Companies — Not Individuals — Would Control Sensitive Information

After Senate Majority Leader Mitch McConnell (R-KY) announced the delay of
the CISA vote Wednesday, Wyden echoed the sentiments that caused activists
and ordinary citizens to send north of 6 million faxes denouncing the bill.

“It prevents Americans from suing companies for losing their data,” he
said, noting CISA would permit companies to share customers’ personal
details, including email contents, financial information, and any
electronically stored data. “It is voluntary for the companies but for the
citizens…across the country it’s not voluntary. For them, this legislation
is mandatory.”

Rottman agreed, saying the bill would permit private companies to share
otherwise sensitive and heavily guarded information in the name of
cybersecurity: “The growing volume of sensitive information will make the
government databases even more tempting targets for cyberspies or
criminals, which will harm cybersecurity.”

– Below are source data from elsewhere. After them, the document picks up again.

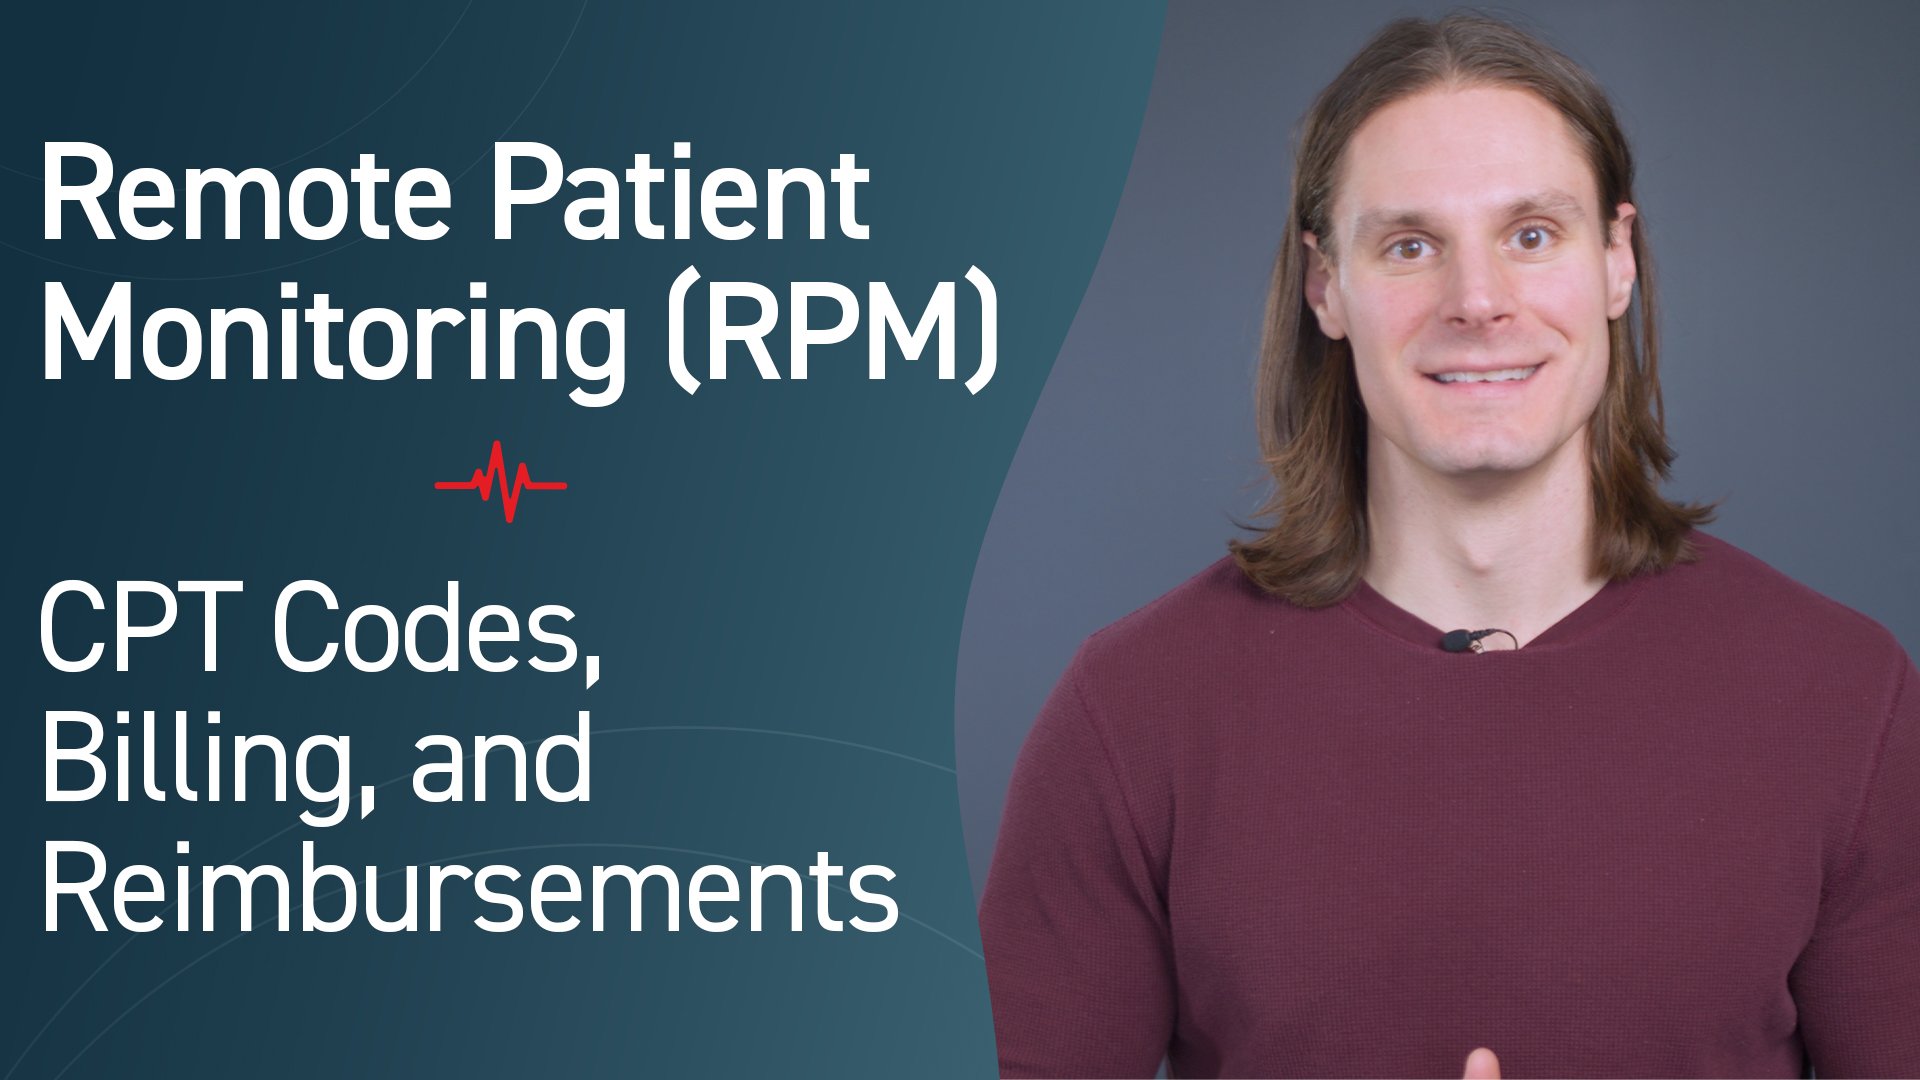 Remote Patient Monitoring (RPM): CPT Codes, Billing, Reimbursements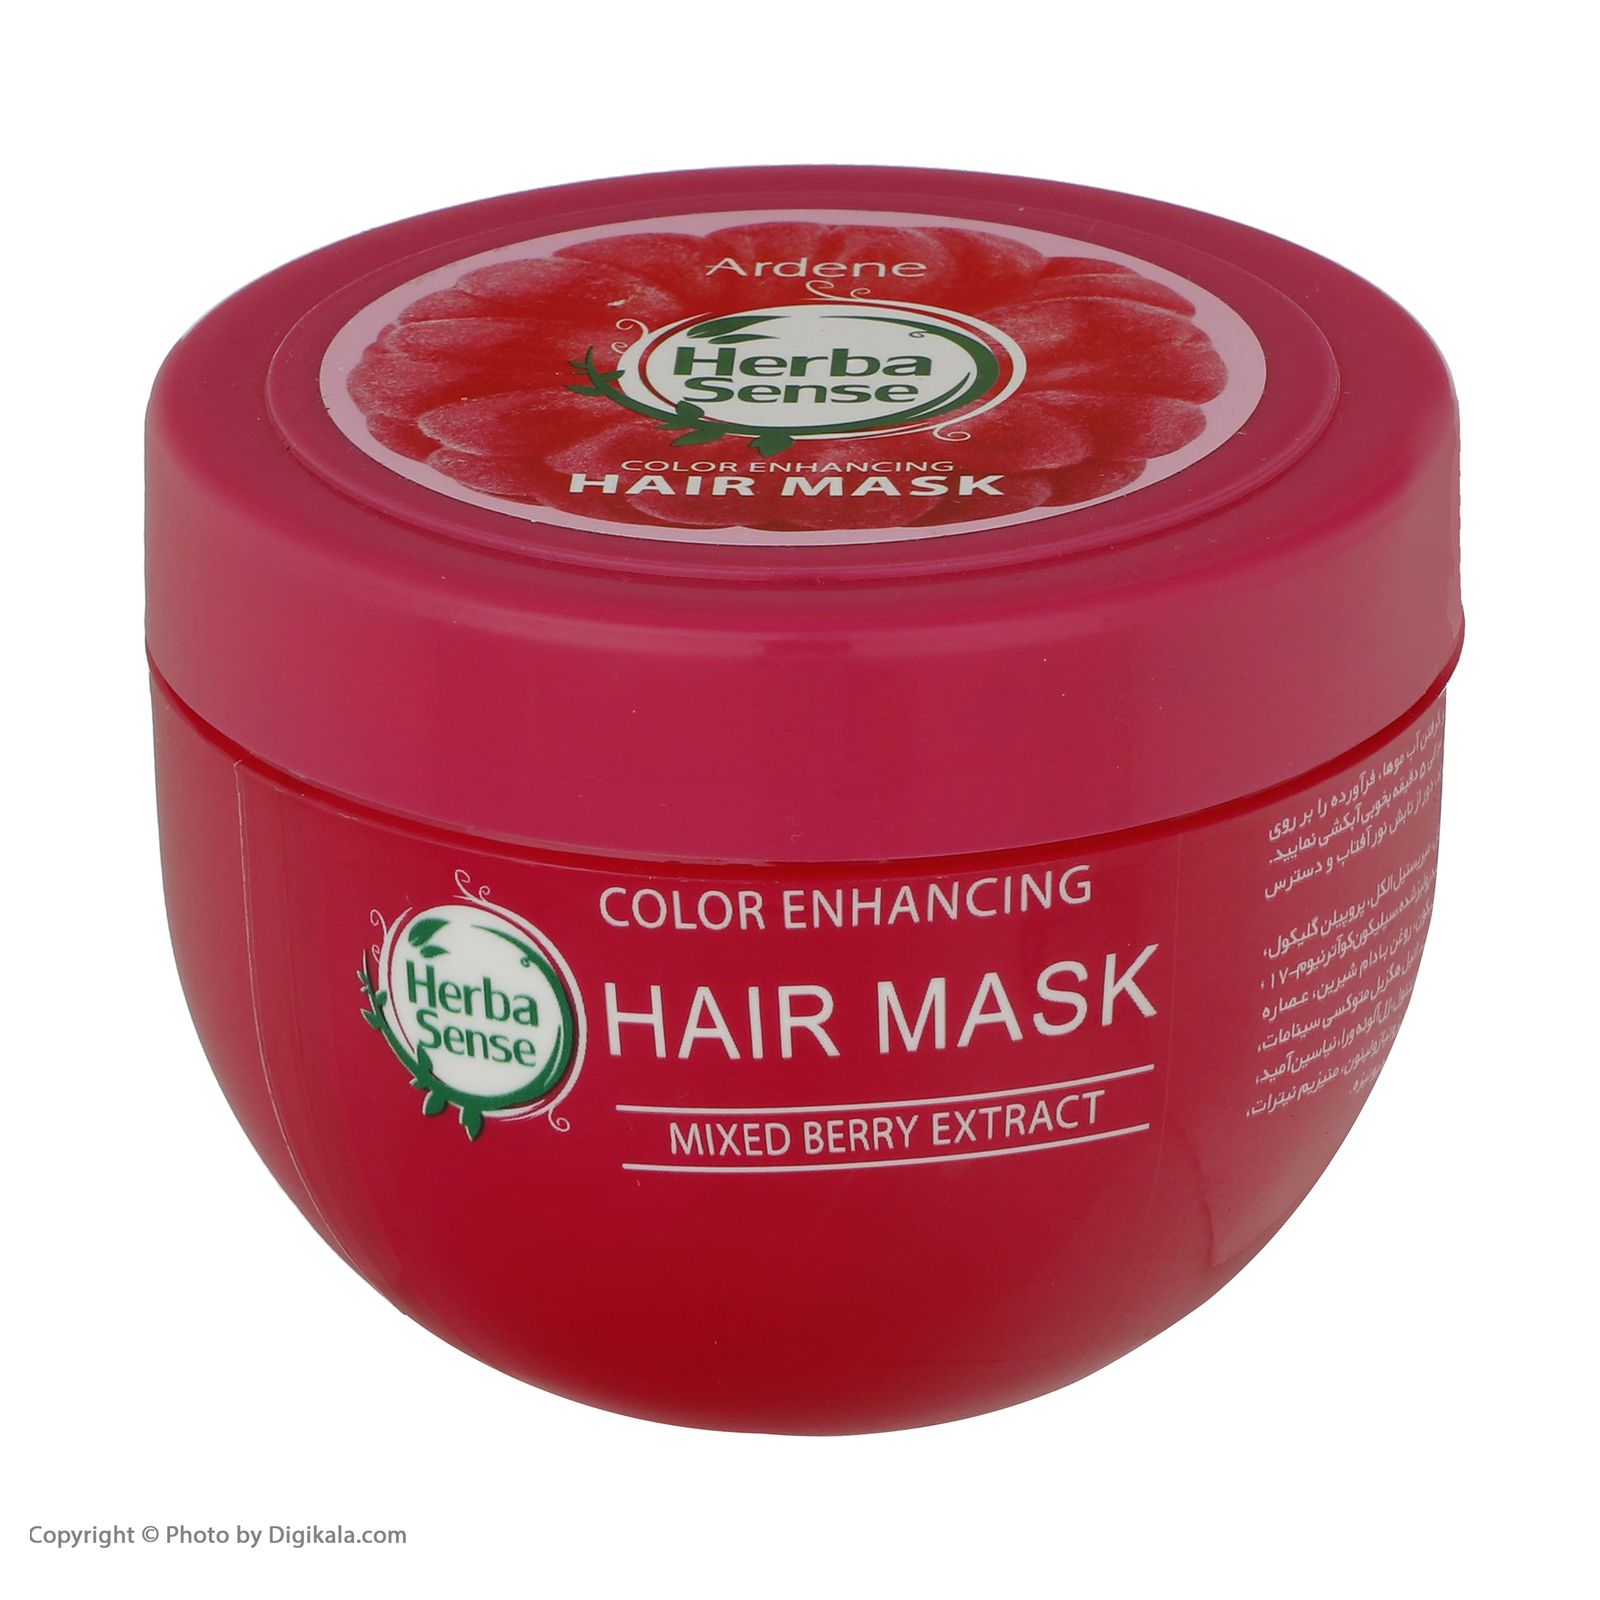 ماسک مو آردن هرباسنس مدل تثبیت کننده رنگ مو حجم 250 میلی لیتر -  - 5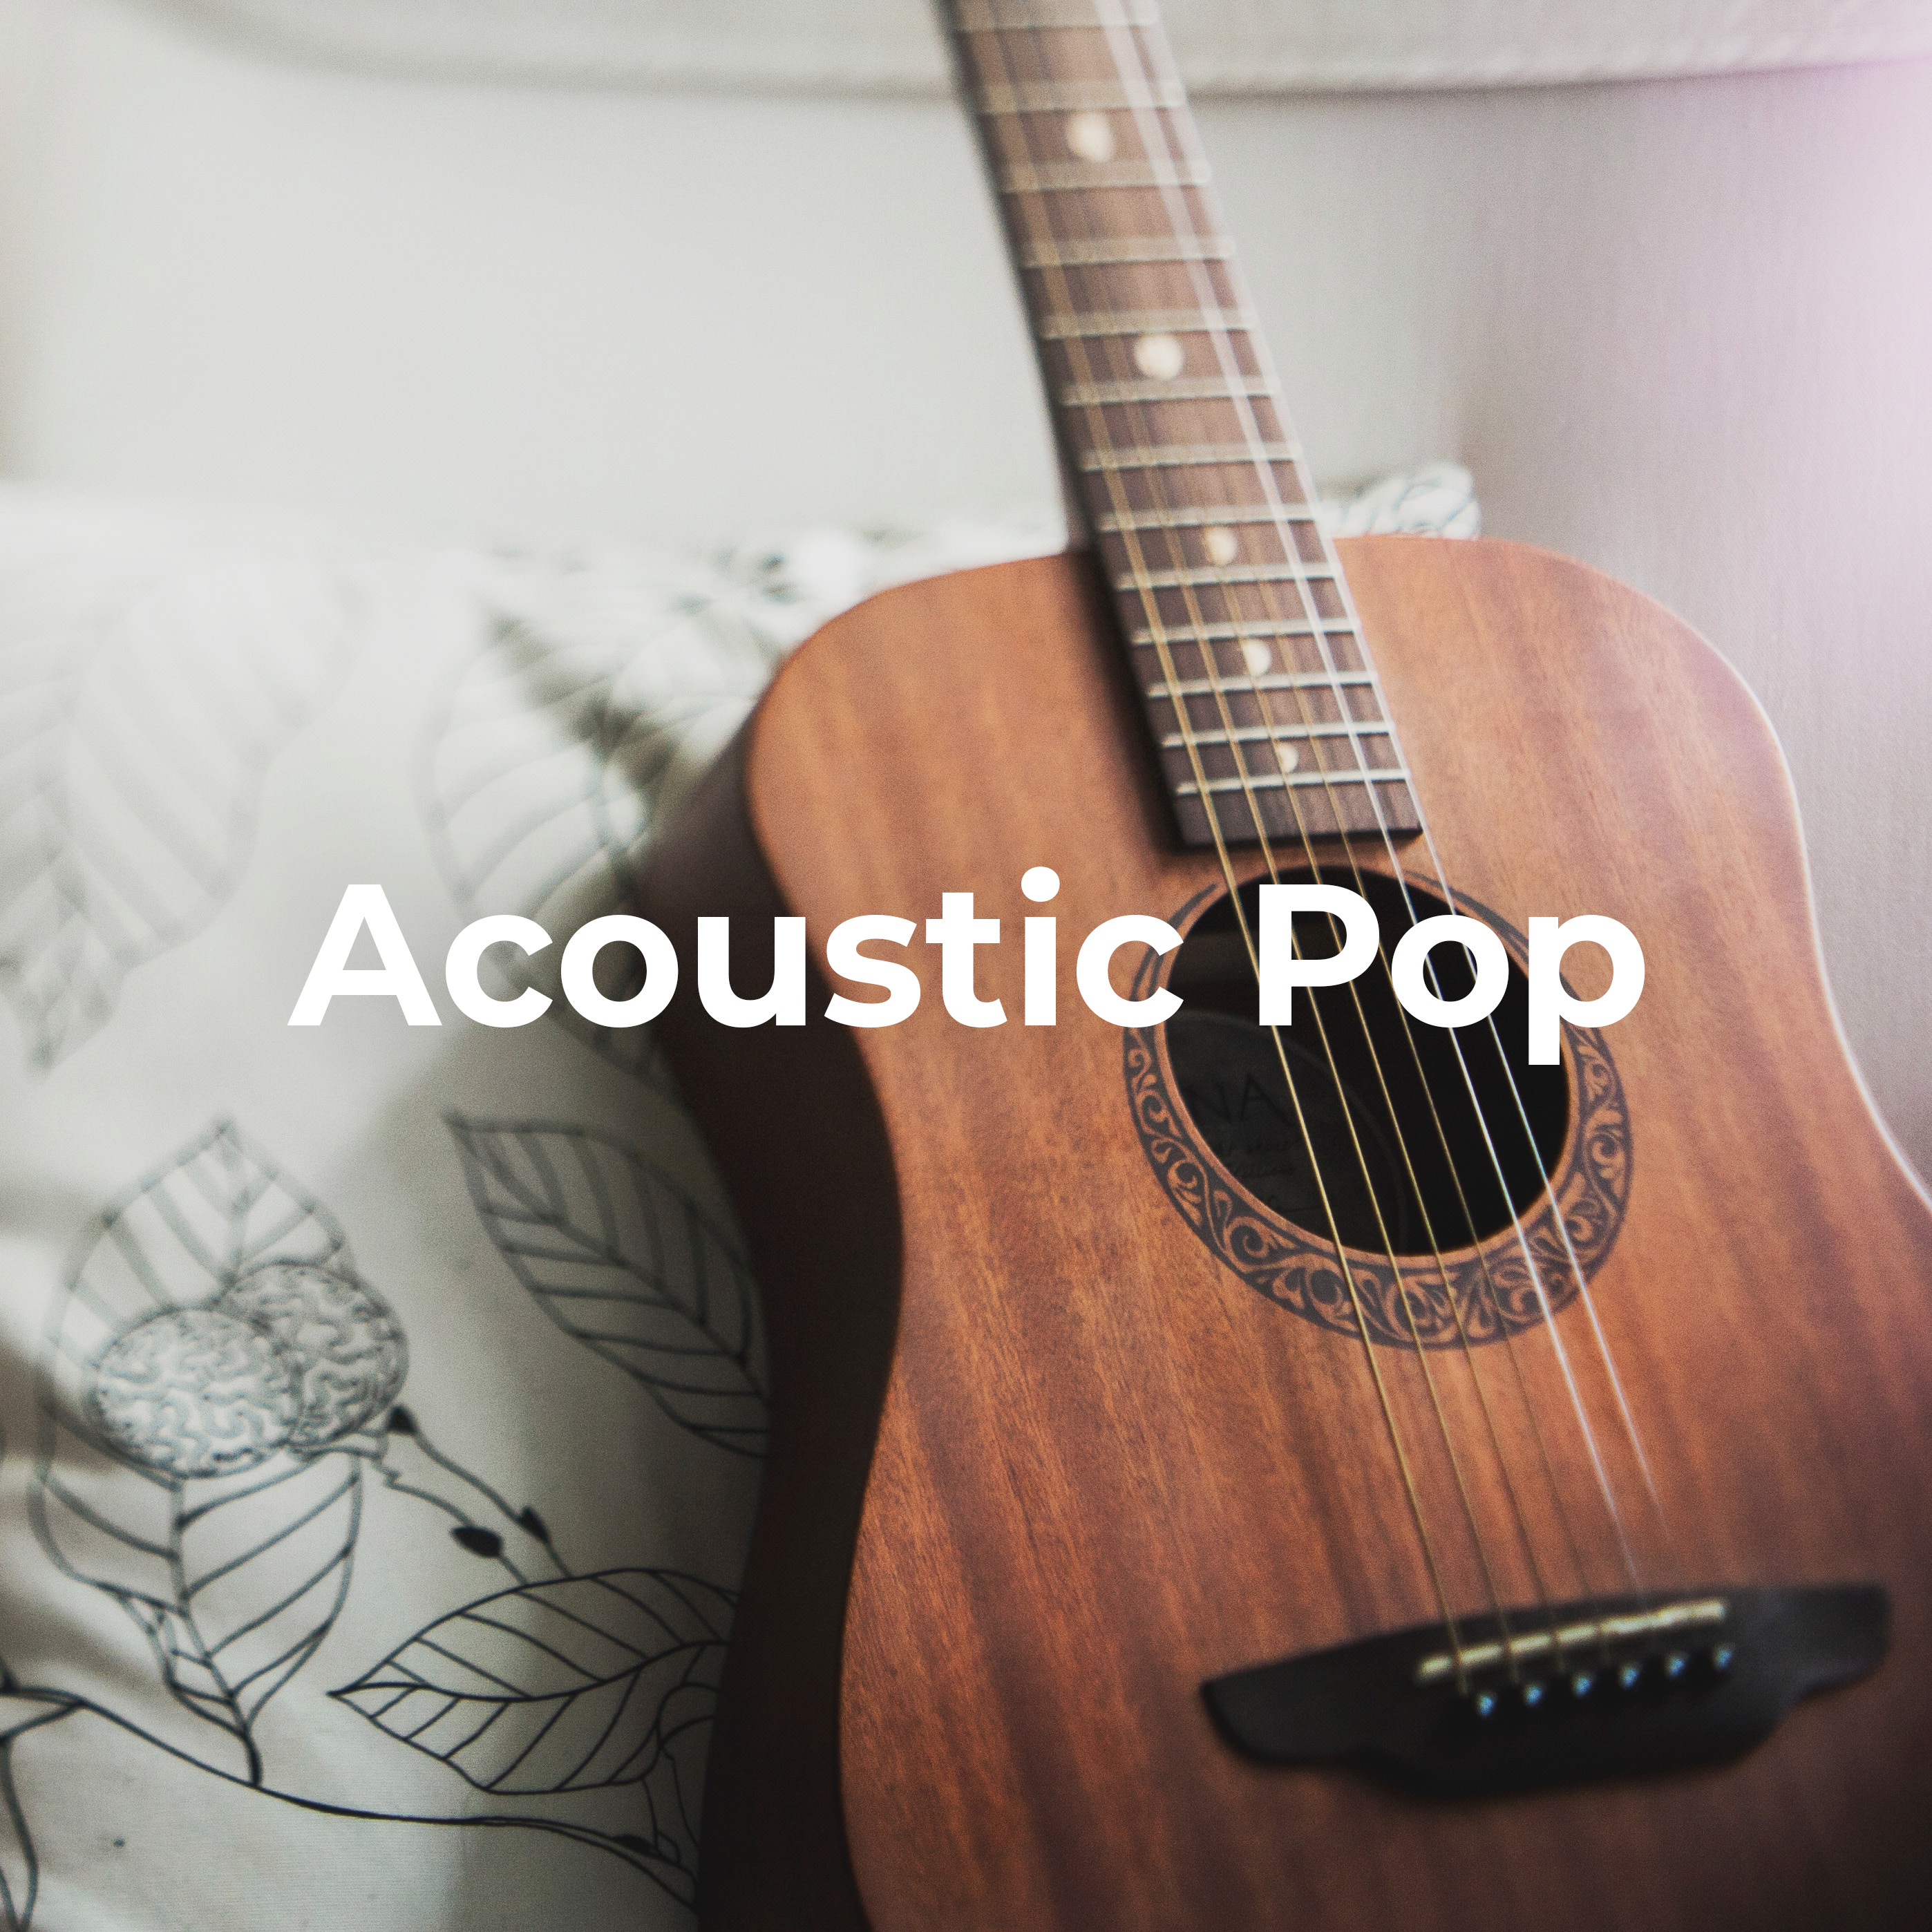 Acoustic Pop Jason Mraz Lorde James Bay Ed Sheeran & Co. Playlist

Even Homeland Security Has Concerns

The federal agency charged with guarding the country’s and its citizens
digitally and physically said CISA’s framework could “contribute to the
compromise of personally identifiable information by spreading it further,”
according to a letter the agency sent to Sen. Al Franken (D-MN) last week.
“While DHS aims to conduct a privacy scrub quickly so that data can be
shared in close to real time, the language as currently written would
complicate efforts to do so.”

The bill is similar to a previous volunteer-led effort launched in 2014
where major retailers including Safeway, Walgreens, and Nike formed an
alliance with the Department of Homeland Security, Federal Bureau of
Investigation, the Secret Service to share real-time threat information
through a central intelligence-gathering system.

Under normal circumstances, Rottman pointed out, DHS would “conduct a
second sweep of the information to remove any PII that got through. Under
the bill, it is not allowed to do so, and it must automatically share the
information with the National Security Agency and other intelligence and
law enforcement agencies.”

That information is then “used to detect, investigate and prosecute a
variety of non-cyber-related crimes,” including those that fall under the
Espionage Act — legislation that has been the crux of many national
security investigations and government whistleblower cases.

It Wouldn’t Prevent The Most Egregious Hack Attacks

Most importantly, advocates proclaim the bill wouldn’t do anything to
preclude breaches, including China’s enormous attack on the Office of
Personnel Management, health records breaches, the notorious Sony hack, or
bad digital hygiene.

Robyn Greene, policy counsel for the New America Foundation’s Open
Technology Institute, agreed, tweeting the breaches that wouldn’t have been
prevented based on CISA’s language.

But we’ll just have to wait until after Labor Day to see if Congress agrees.